Undeterred by the very clear and present danger, Lance Corporal Leakey moved down the forward slope of the hill, and gave first aid to the wounded officer. Despite being the most junior commander in the area, Lance Corporal Leakey took control of the situation and initiated the casualty evacuation. Realising that the initiative was still in the hands of the enemy, he set off back up the hill, still under enemy fire, to get one of the suppressed machine guns into action. On reaching it, and with rounds impacting on the frame of the gun itself, he moved it to another position and began engaging the enemy.

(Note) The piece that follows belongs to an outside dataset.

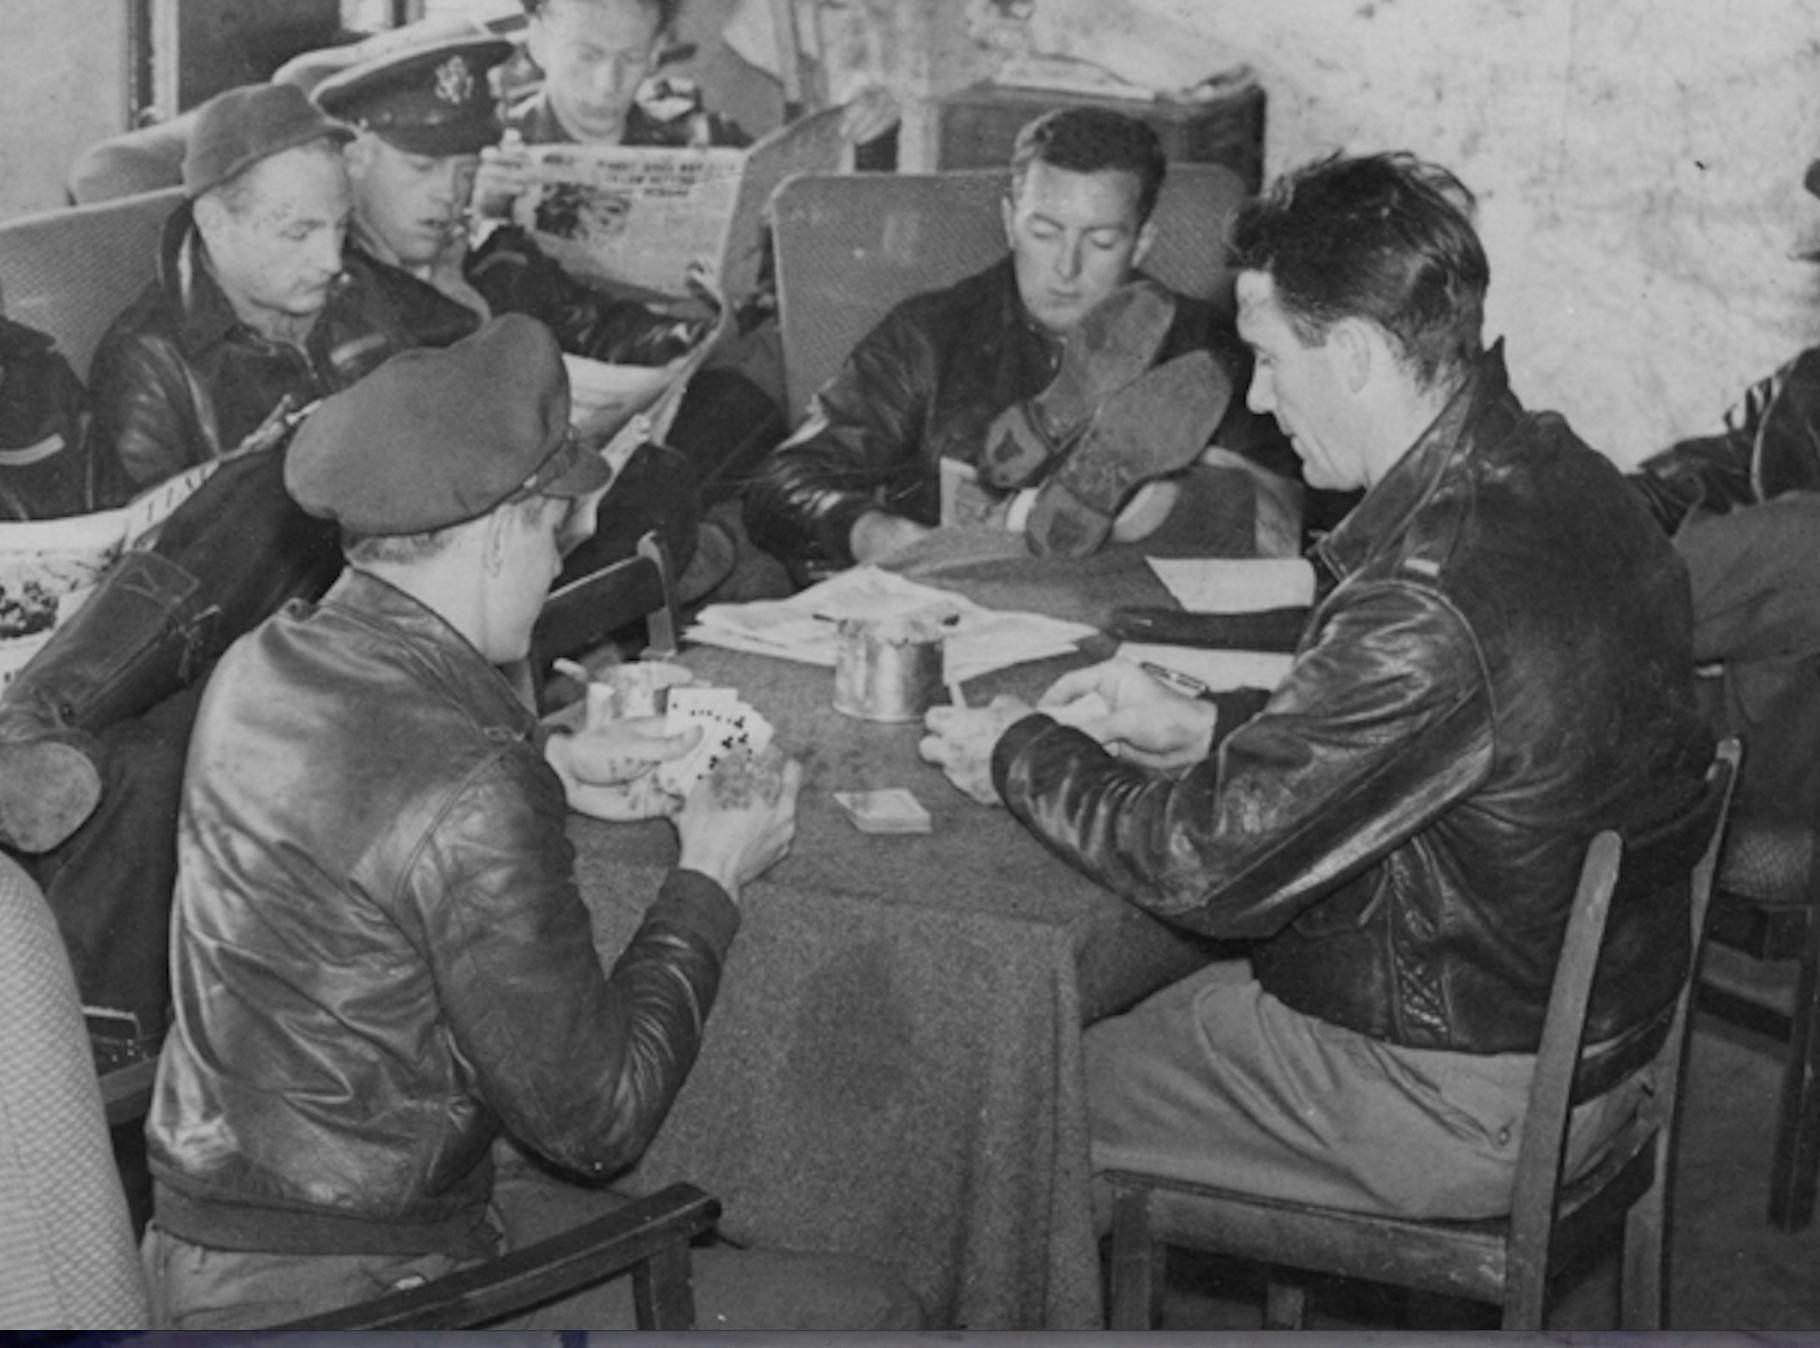 USAAFCards2.jpg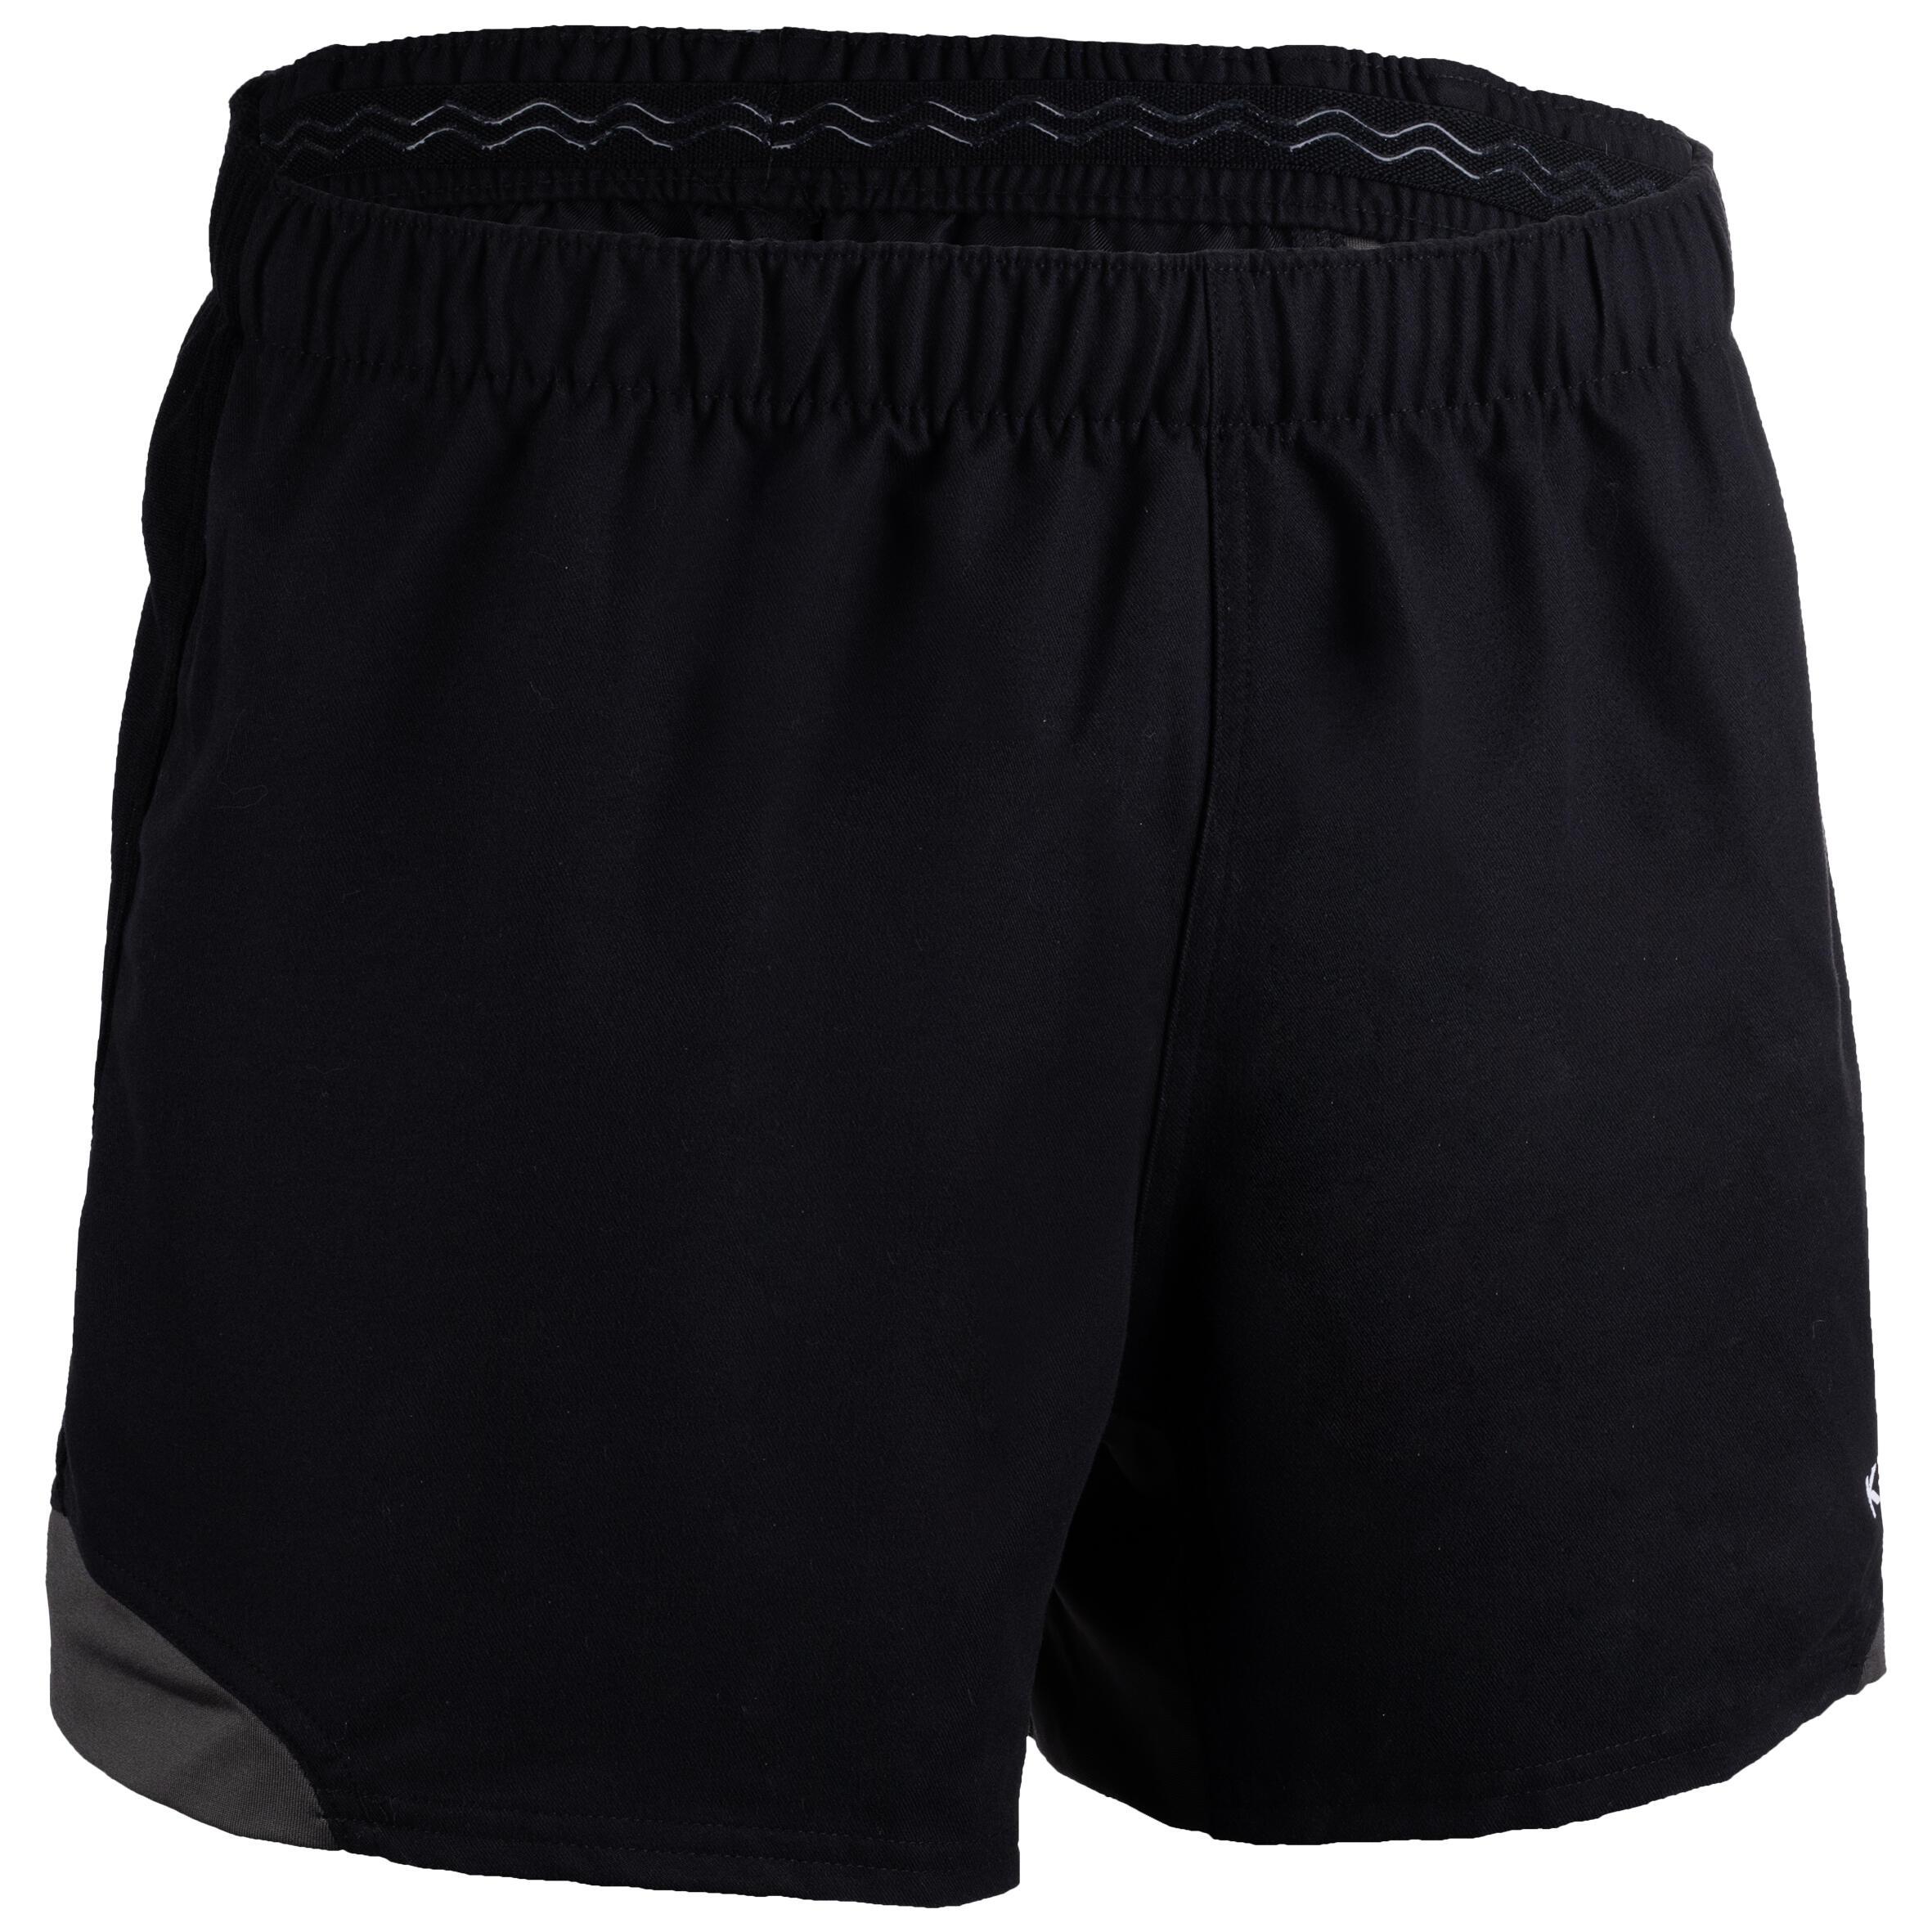 Rugbyshorts R900 Herren schwarz/grau | Sportbekleidung > Sporthosen > Sportshorts | Schwarz - Grau | Offload

This courageous action spurred those around him back into the fight; nonetheless, the weight of enemy fire continued. For the third time and with full knowledge of the extant dangers, Lance Corporal Leakey exposed himself to enemy fire once more. Weighed down by over 60 lbs of equipment, he ran to the bottom of the hill, picked up the second machine gun and climbed back up the hill again: a round trip of more than 200 metres on steep terrain. Drawing the majority of the enemy fire, with rounds splashing around him, Lance Corporal Leakey overcame his fatigue to re-site the gun and return fire. This proved to be the turning point. Inspired by Lance Corporal Leakey's actions, and with a heavy weight of fire now at their disposal, the force began to fight back with renewed ferocity.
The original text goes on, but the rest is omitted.